These labels were automatically added by AI and may be inaccurate. For details, see About Literature Database.
Abstract
In this paper, we initiate a cryptographically inspired theoretical study of
detection versus mitigation of adversarial inputs produced by attackers on
Machine Learning algorithms during inference time.
We formally define defense by detection (DbD) and defense by mitigation
(DbM). Our definitions come in the form of a 3-round protocol between two
resource-bounded parties: a trainer/defender and an attacker. The attacker aims
to produce inference-time inputs that fool the training algorithm. We define
correctness, completeness, and soundness properties to capture successful
defense at inference time while not degrading (too much) the performance of the
algorithm on inputs from the training distribution.
We first show that achieving DbD and achieving DbM are equivalent for ML
classification tasks. Surprisingly, this is not the case for ML generative
learning tasks, where there are many possible correct outputs for each input.

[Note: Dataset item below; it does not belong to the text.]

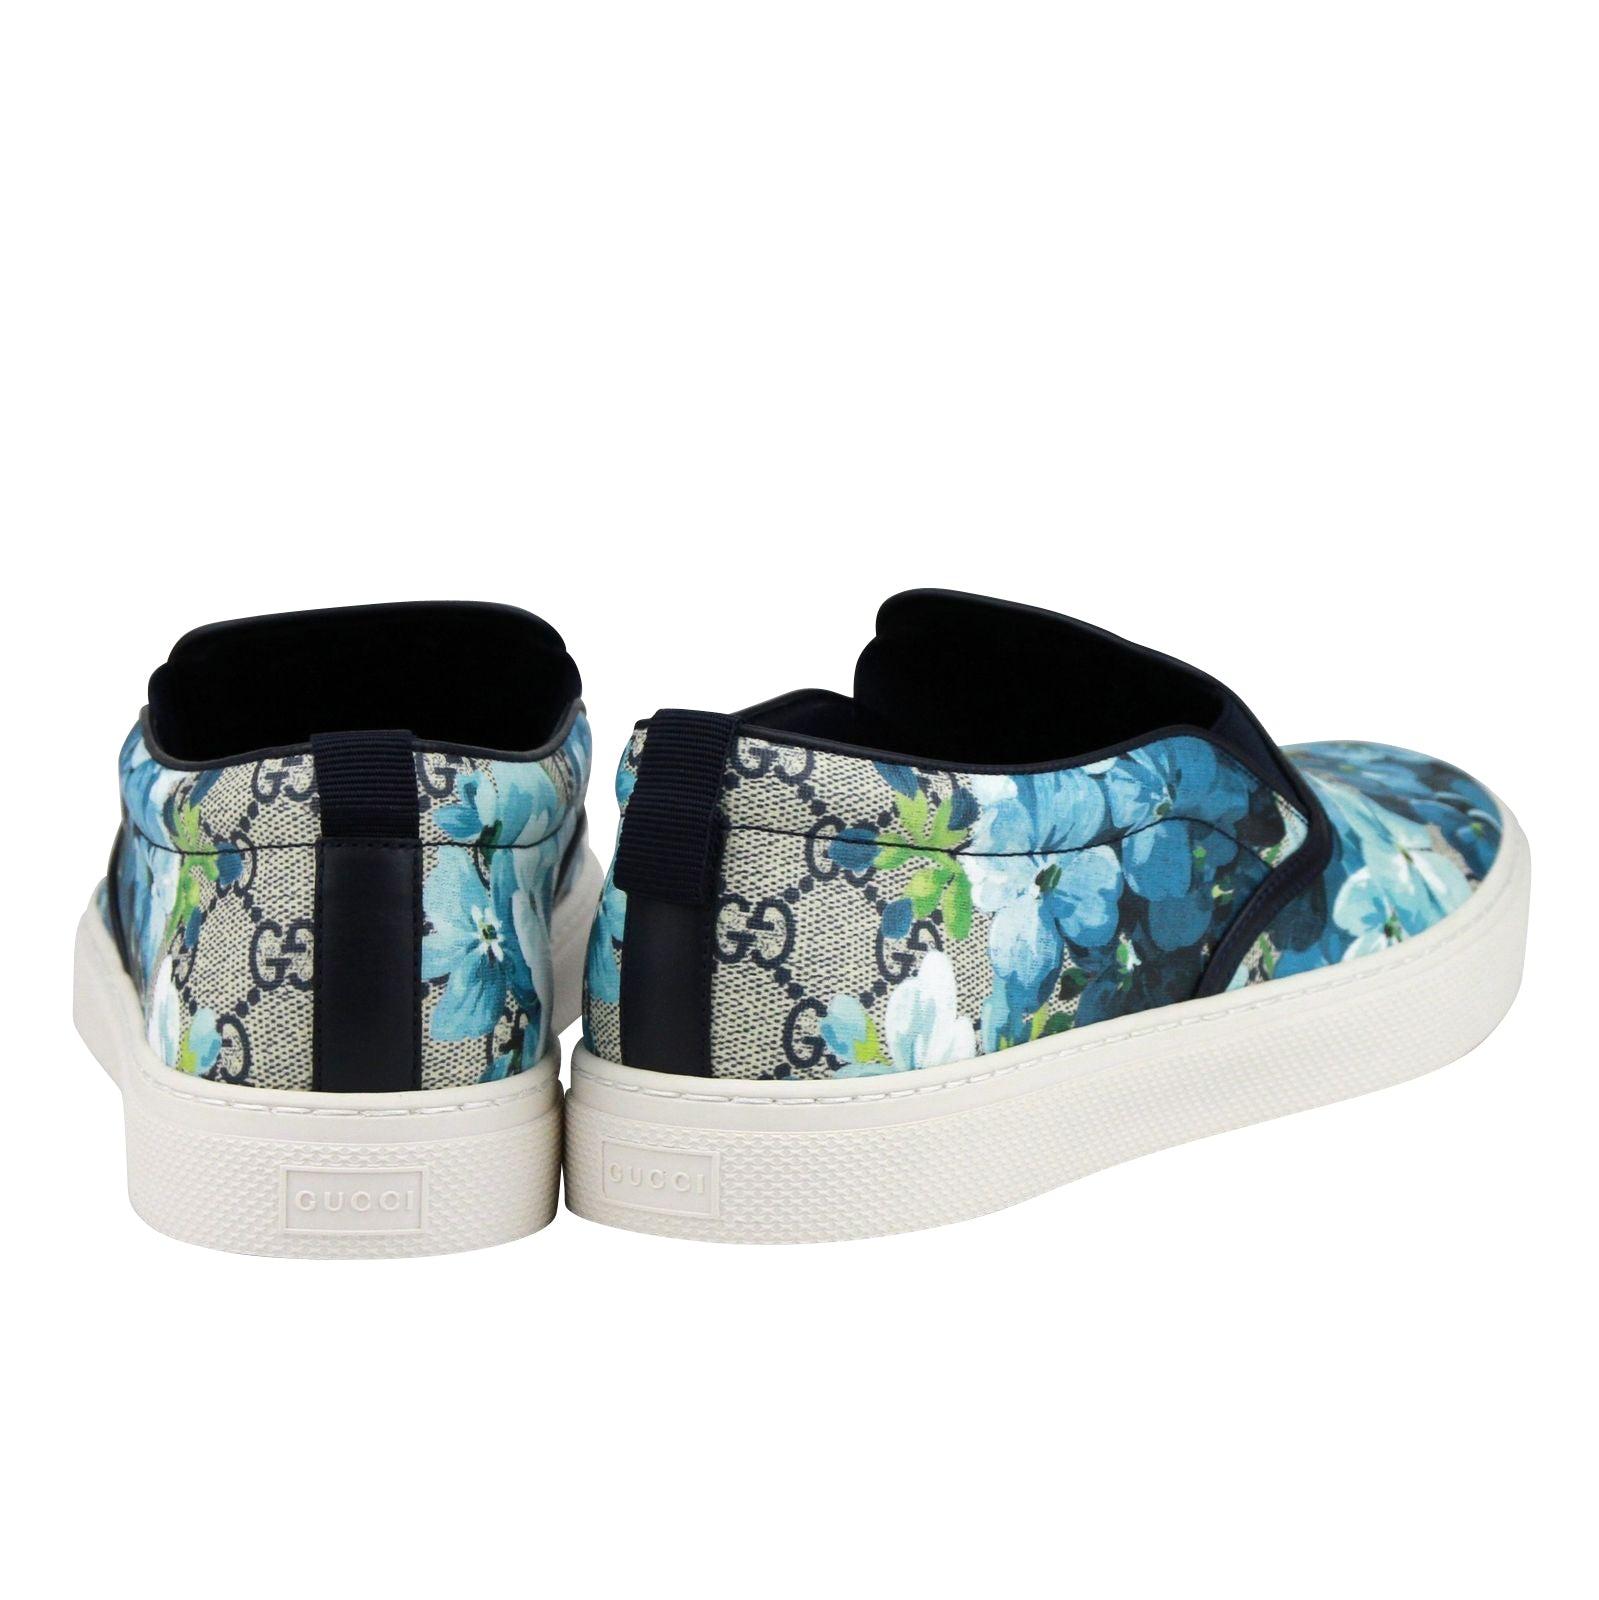 Gucci Bloom Flower Print gg Supreme Coated Canvas Slip Sneakers 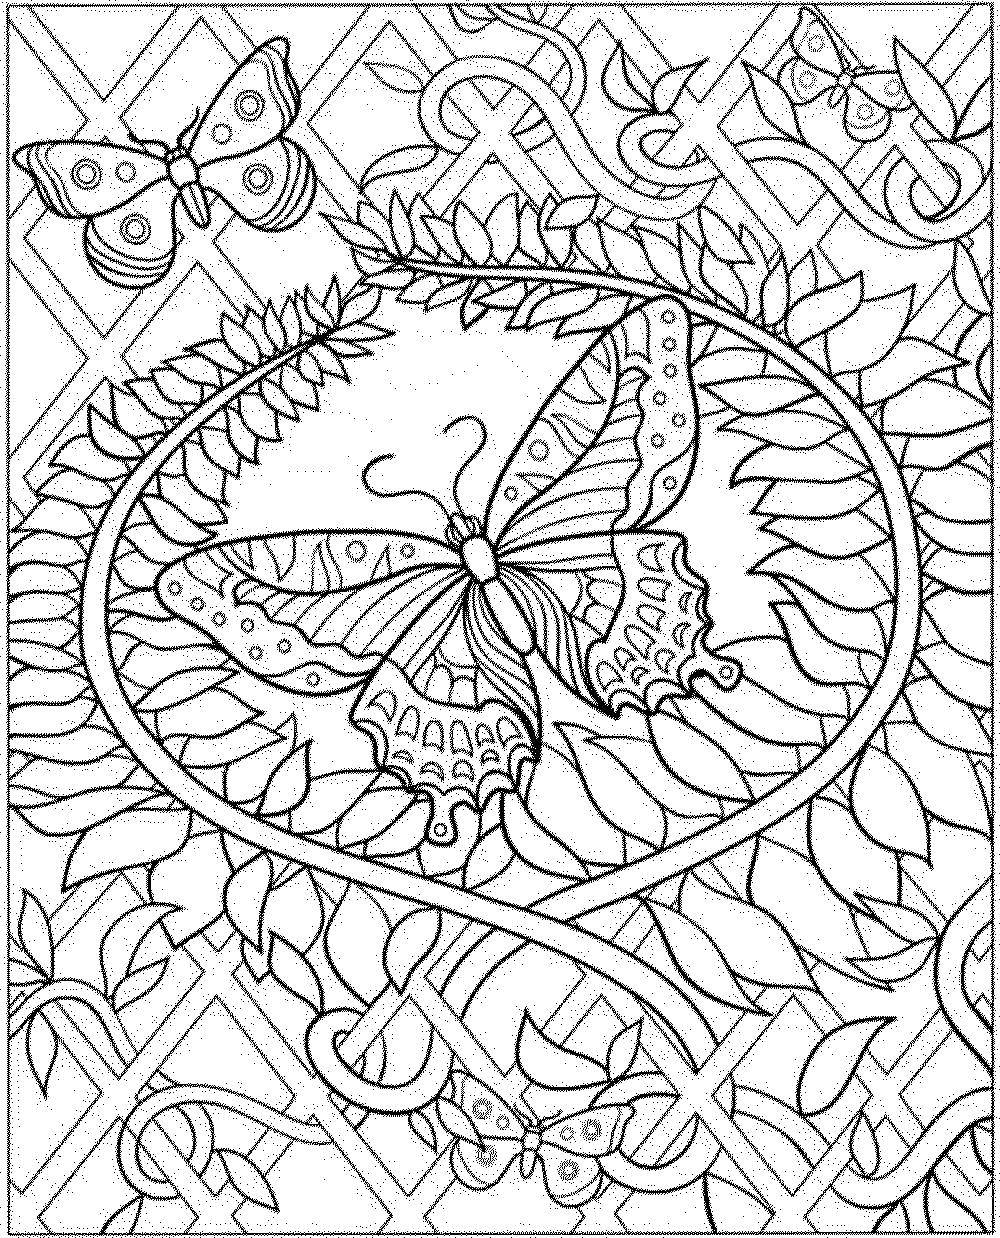 Coloring The butterfly garden. Category butterflies. Tags:  Butterfly.

We show a separation between DbD and DbM by exhibiting two generative learning
tasks for which it is possible to defend by mitigation but it is provably
impossible to defend by detection. The mitigation phase uses significantly less
computational resources than the initial training algorithm. In the first
learning task we consider sample complexity as the resource and in the second
the time complexity. The first result holds under the assumption that the
Identity-Based Fully Homomorphic Encryption (IB-FHE), publicly-verifiable
zero-knowledge Succinct Non-Interactive Arguments of Knowledge (zk-SNARK), and
Strongly Unforgeable Signatures exist. The second result assumes the existence
of Non-Parallelizing Languages with Average-Case Hardness (NPL) and
Incrementally-Verifiable Computation (IVC) and IB-FHE.